New to VUDU: Week of November 6th, 2011

Aside from one obvious heavy-hitter (which everyone reading this blog will probably buy on Blu-ray anyway), this is a pretty slow week for VUDU. Oh well, that’s why it’s so nice that the streaming service has such a huge wealth of HD titles in the back catalog to browse through as well.

The following titles enter the VUDU stream this week:

  • ’13’ (11/8)
  • ‘Atlas Shrugged, Part 1’ (11/8)
  • ‘Beethoven’s Christmas Adventure’ (11/8)
  • ‘A Better Tomorrow’ (11/8)
  • ‘The Change-Up’ (11/8)
  • ‘Harry Potter and the Deathly Hallows, Part 2’ (11/11)
  • ‘In My Sleep’ (11/8)
  • ‘LeapFrog: Phonics Farm’ (11/8)
  • ‘Mr. Nice’ (11/11)
  • ‘Restitution’ (11/8)
  • ‘Sarah Palin: You Betcha!’ (11/4)

So, there’s the new ‘Harry Potter‘. It’s nice that VUDU is getting this on the same day as the Blu-ray release, but c’mon, you’re not going to rent this, are you? You probably already have the Blu-ray preordered. This is ownership material.

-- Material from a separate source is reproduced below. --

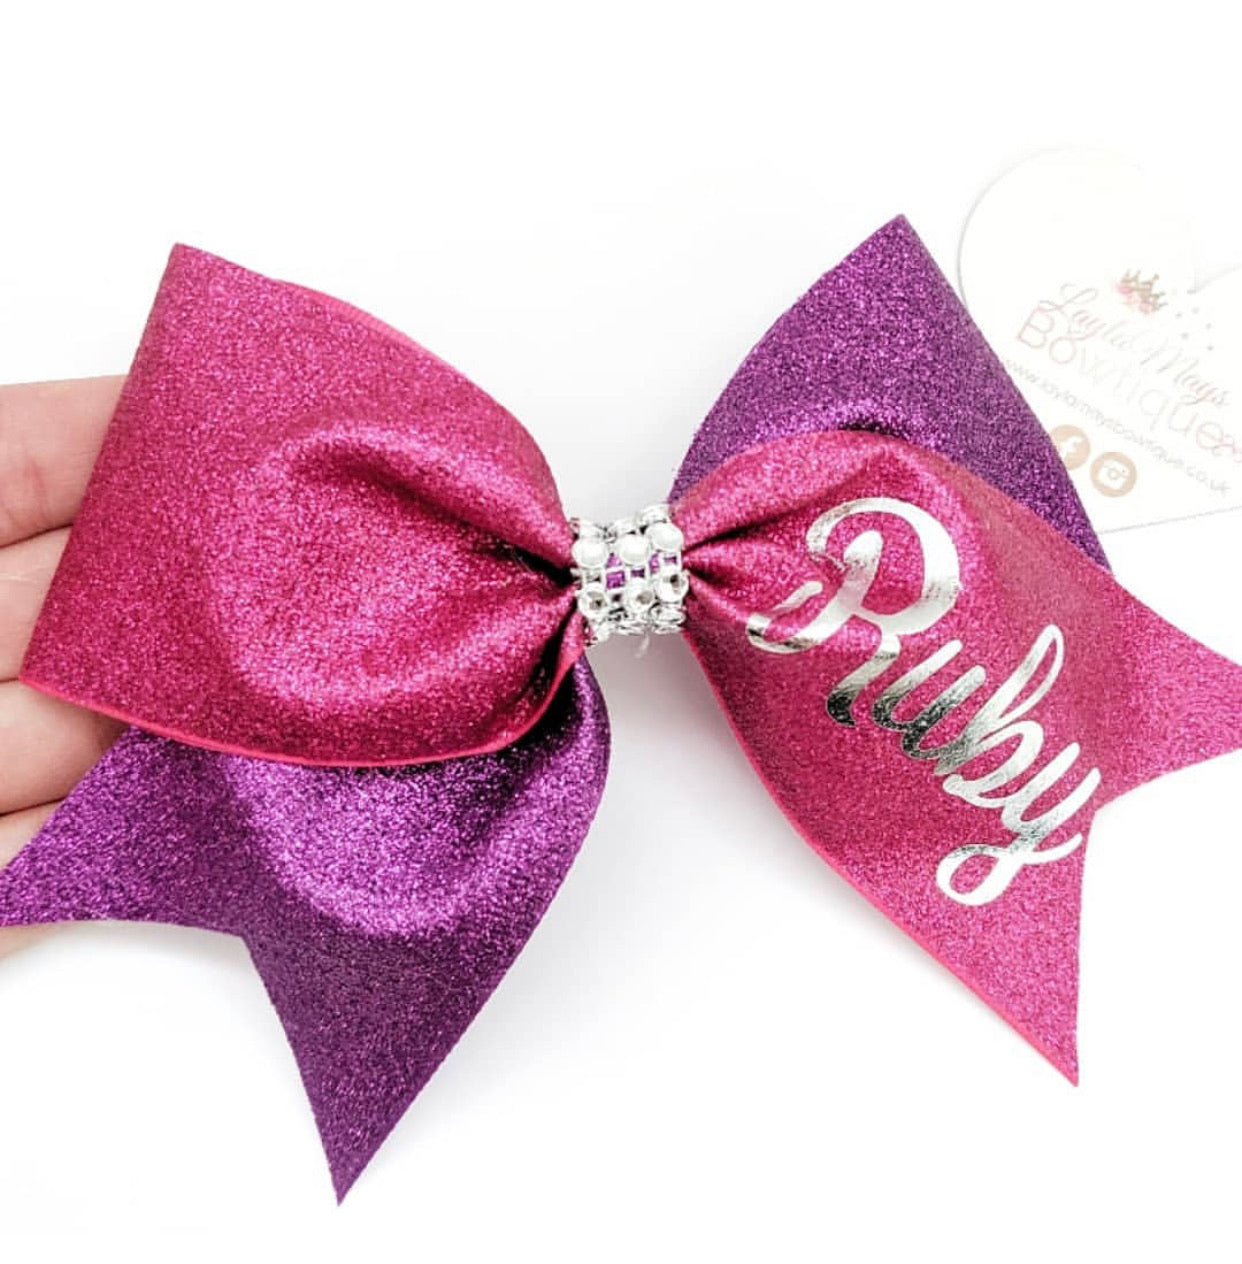 Purple Glitter Grosgrain Ribbon 3'' - Eliza Henri Craft Supply

Perhaps a better candidate for rental would be ‘The Change-Up‘, the comedy starring Ryan Reynolds and Jason Bateman in a body-swapping switcheroo. Reviews on this weren’t great, but if you’re a fan of either actor, a one-time viewing might be worth a few laughs.

Try to follow this one: ‘A Better Tomorrow‘ is the 2010 South Korean remake of John Woo’s 1986 Hong Kong action classic, which was itself a knock-off of Brian De Palma’s ‘Scarface’, which was in turn a remake of a 1932 gangster film. And yet, with all that, the trailer (sorry, I couldn’t find an embeddable one with subtitles) looks like a pretty generic Asian action flick. I have the original Woo film on DVD. The disc looks like crap, but I think I’d rather watch that again than this.

Political-minded viewers might find interest in ‘Sarah Palin: You Betcha!‘, the new documentary by British filmmaker Nick Broomfield (‘Heidi Fleiss: Hollywood Madam’, ‘Biggie & Tupac’) that tries to find the real woman beneath the public persona. Critical consensus has it that he doesn’t find much there, which is a real problem for both the subject and the movie. The trailer makes it look like he’s trying to pull a Michael Moore on her. I’ll let you form your own opinion on whether that appeals to you or not.

Sigh. If this were a busier week, I wouldn’t even acknowledge this one. But, alas, here we have it. A bunch of followers of controversial writer, political blowhard and :ahem: philosopher Ayn Rand’s “Objectivism” teachings somehow raised enough cash to throw together a low-budget, three-part film production of her famous novel ‘Atlas Shrugged‘. On the one hand, I kind of have to respect their passion and commitment to do right by something they believe in. On the other hand, I read Rand’s other famous novel, ‘The Fountainhead’, years ago, and that was more than I ever want to deal with her. Also, the trailer looks really, really amateurish.

Josh’s Random VUDU Pick:

OK, so let’s dig into that VUDU catalog to find something more interesting to rent, shall we? This week, I’ll stick with the political theme and go for ‘Primary Colors‘, director Mike Nichols’ 1998 film version of the best-selling novel by journalist Joe Klein. The story is a thinly-fictionalized account of Bill Clinton’s first Presidential campaign. Nichols uses his skill as a dramatist to tone down some of the muckraking, and delivers an interesting look behind-the-scenes at what it really takes to get a man elected President in this country. Also, it’s funny, though it’s not the broad, goofy comedy that the studio tried to market it as. This is probably the director’s most underrated film, and one of the few post-‘Pulp Fiction’ performances by John Travolta that I can stand.

All dates provided refer specifically to rental availability. Check VUDU for sell-through availability, if interested. Be sure to also check for VUDU’s $0.99 Movie of the Day offers, which are announced each day on the company’s Facebook and Twitter pages.

1 comment

  1. JM

    I’m surprised you didn’t go with ‘Wag The Dog’ or ‘Charlie Wilson’s War.’

    ‘Primary Colors’ always seemed less interesting than the source material.